- я был душою двух возвышенных и великих душ.
Меня украдкою искушают мысли о жизни. Мне будто жаль ее, кажется.,, я узнал еще не все ее радости; но разум мой говорит противное, и я повторяю с ним: хорошо, хорошо, что все теперь для меня кончается! Как предузнать, что было бы после! Как угадать, что готовило мне будущее и чем завтра могло сменить вчера! Статься может, мое счастье было в том, что я не из долголетних? Лучше, лучше унести с собою сердце, полное очарования, света, теплоты, еще не отравленное ни обманом, ни утратою, ни разуверением. И к тому же, как сладко и утешительно думать, что не исчезну я из мира незамеченный, что не пропаду в немом забвении. Если меня не напутствуют прощания и благословения, то они потом отыщут мой прах, и тризны по мне будут правиться ежедневно в сокровенной тиши одного оставшегося на земле сердца. Никогда не был я себялюбцем, но ныне, в последний день моей жизни, я упиваюсь слезами, которые прольются в память мне.

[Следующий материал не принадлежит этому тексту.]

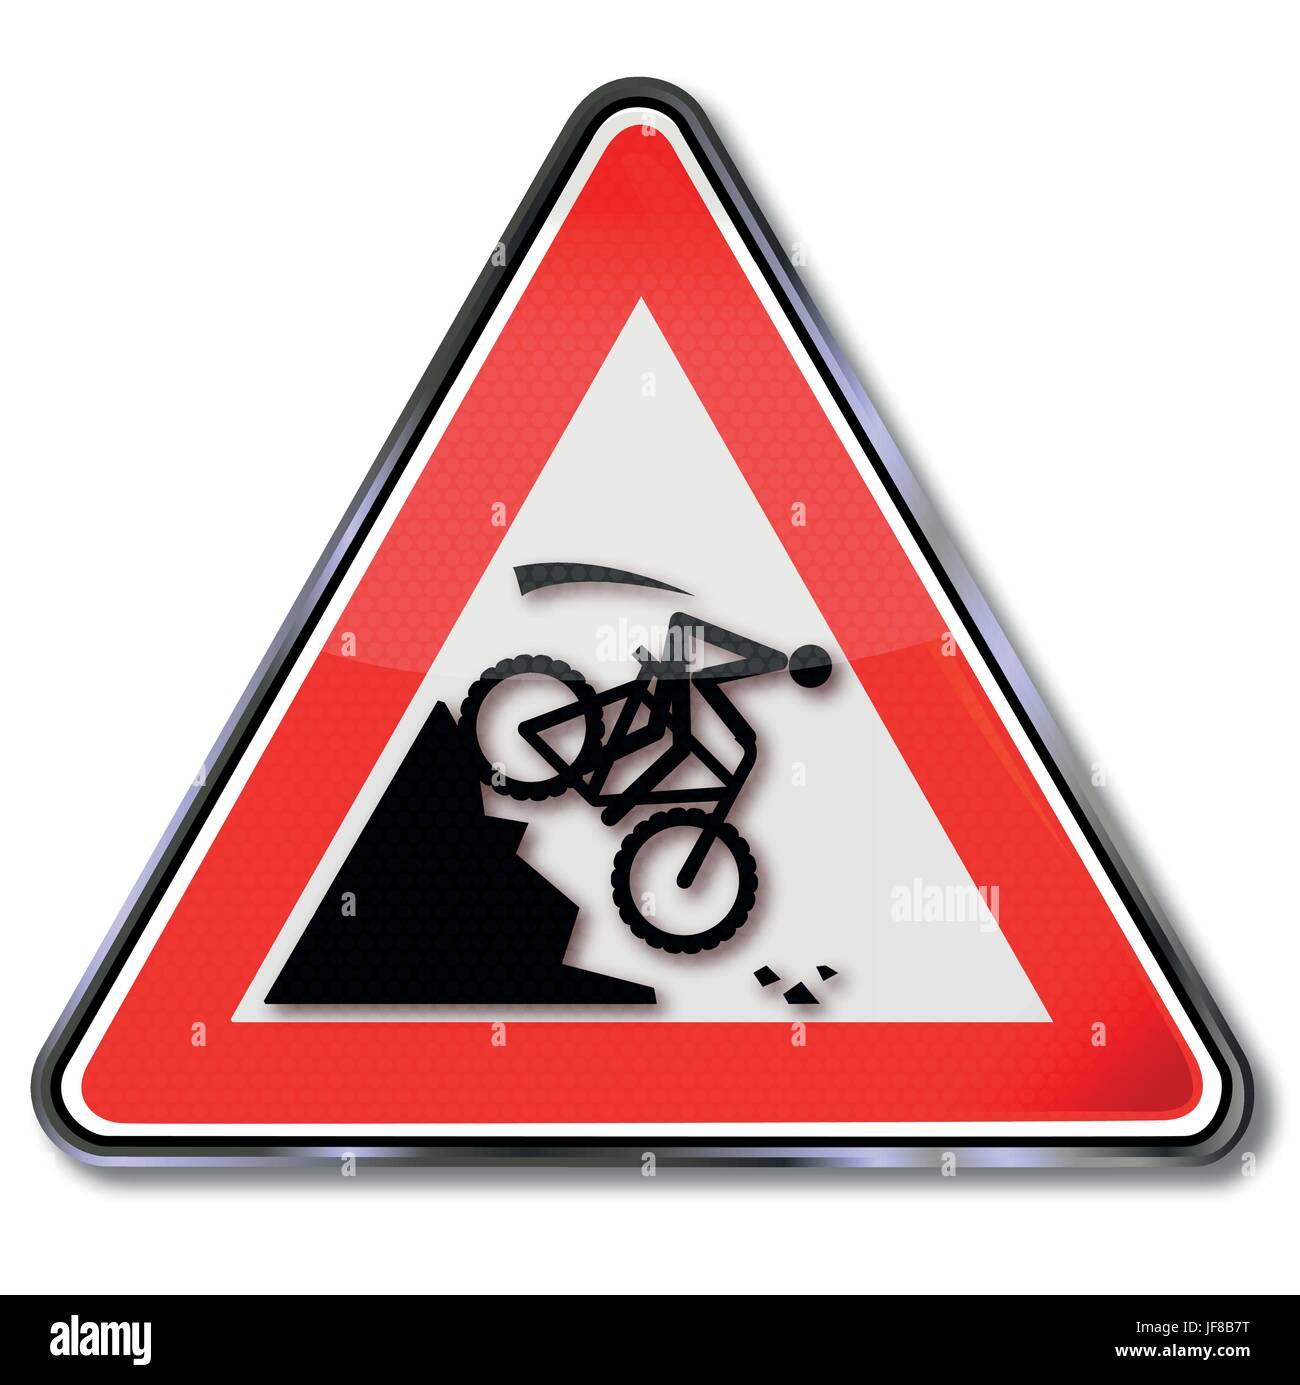 danger, extreme haven, mountainbike, bike, bicycle, cycle, crash, schuss, roll - Stock Image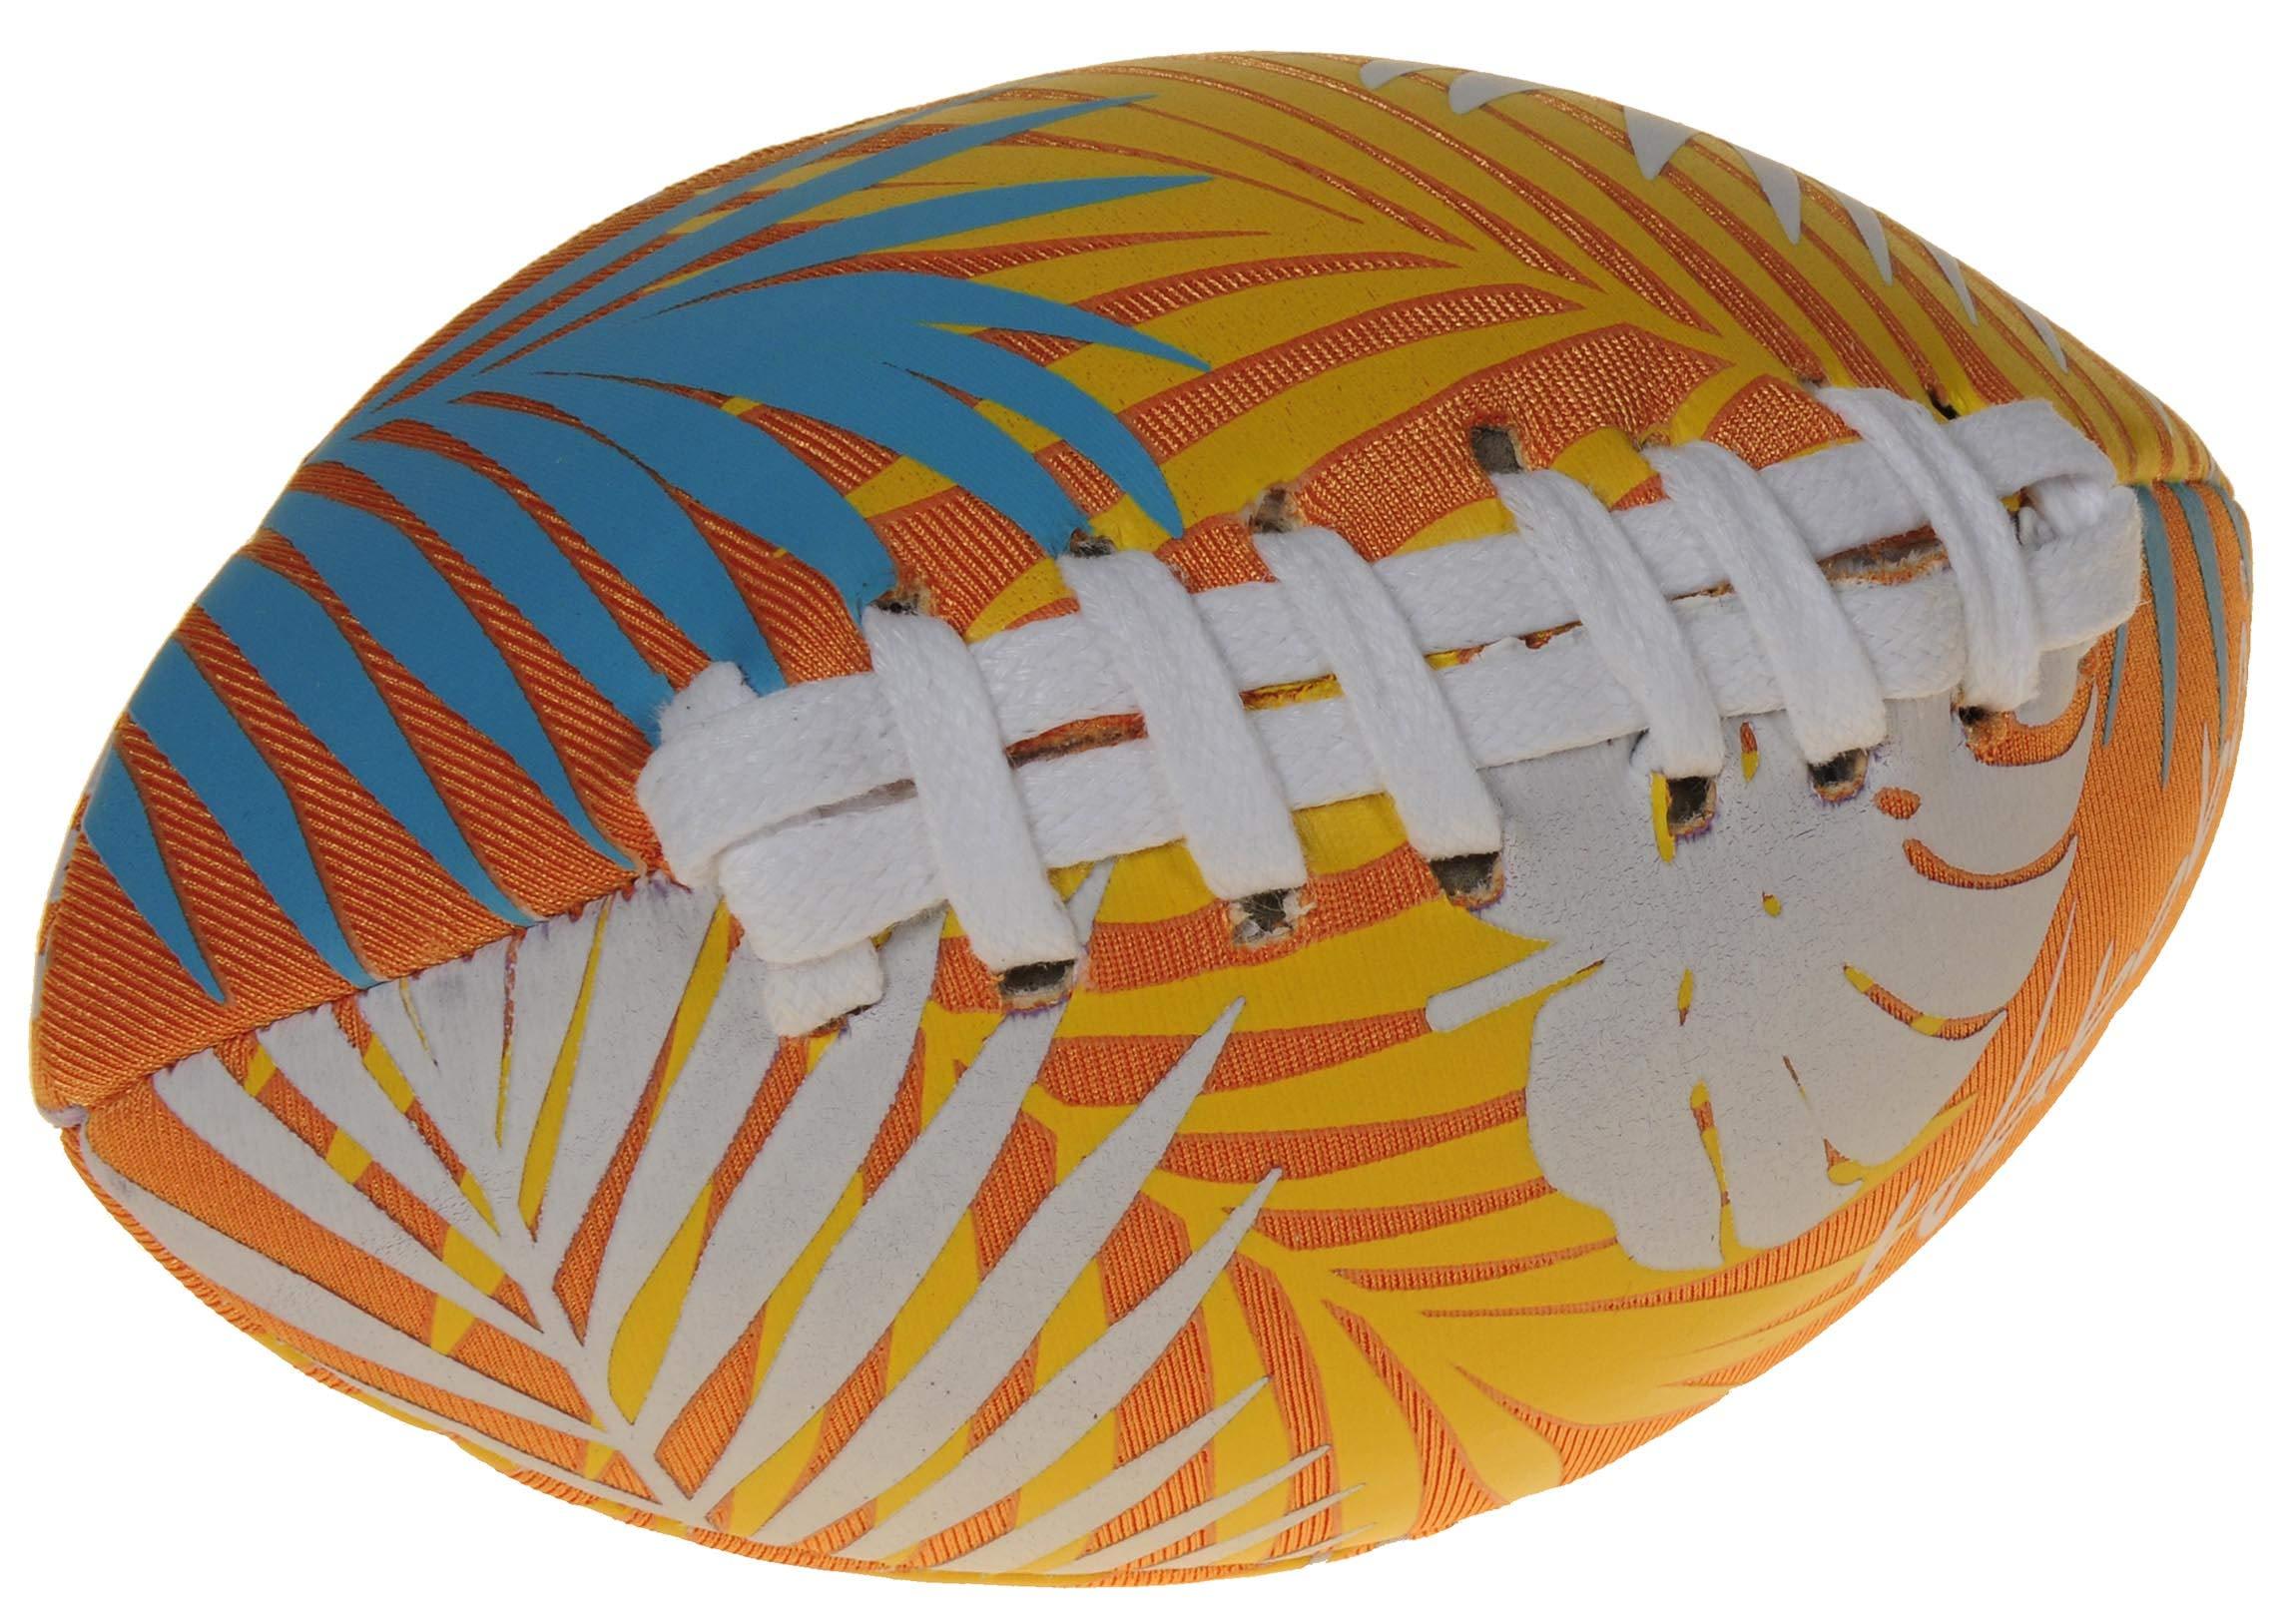 Waboba Color Changing Water Football 6'' // Bundle of 2 Footballs (Random Colors) // Bonus Blue Nylon Mesh Carry Bag// Bundled Items by Waboba (Image #2)

Валевич, я сказал вам, что не жалею о жизни, но я не сказал, не мог сказать, что мне не жаль ее, что мне не больно ее оставить...
Пишу к ней. Хочу сам объявить ей нашу разлуку. От меня удар будет сноснее. Но я не скажу ни слова о несчастном платке, о перчатке. Зачем ей знать, что она была вмешана в нашу ссору! Вчера я унес с собою ложное свидетельство вашего коварного хвастовства; оно сожжено со всем, что могло быть найдено после меня. Все предосторожности приняты, чтобы я был последним следом ее привязанности, а мне не долго ждать истребления. Я пыль и тень на ее жизни - сметите меня скорее! Из ее сердца меня ничто не исженит.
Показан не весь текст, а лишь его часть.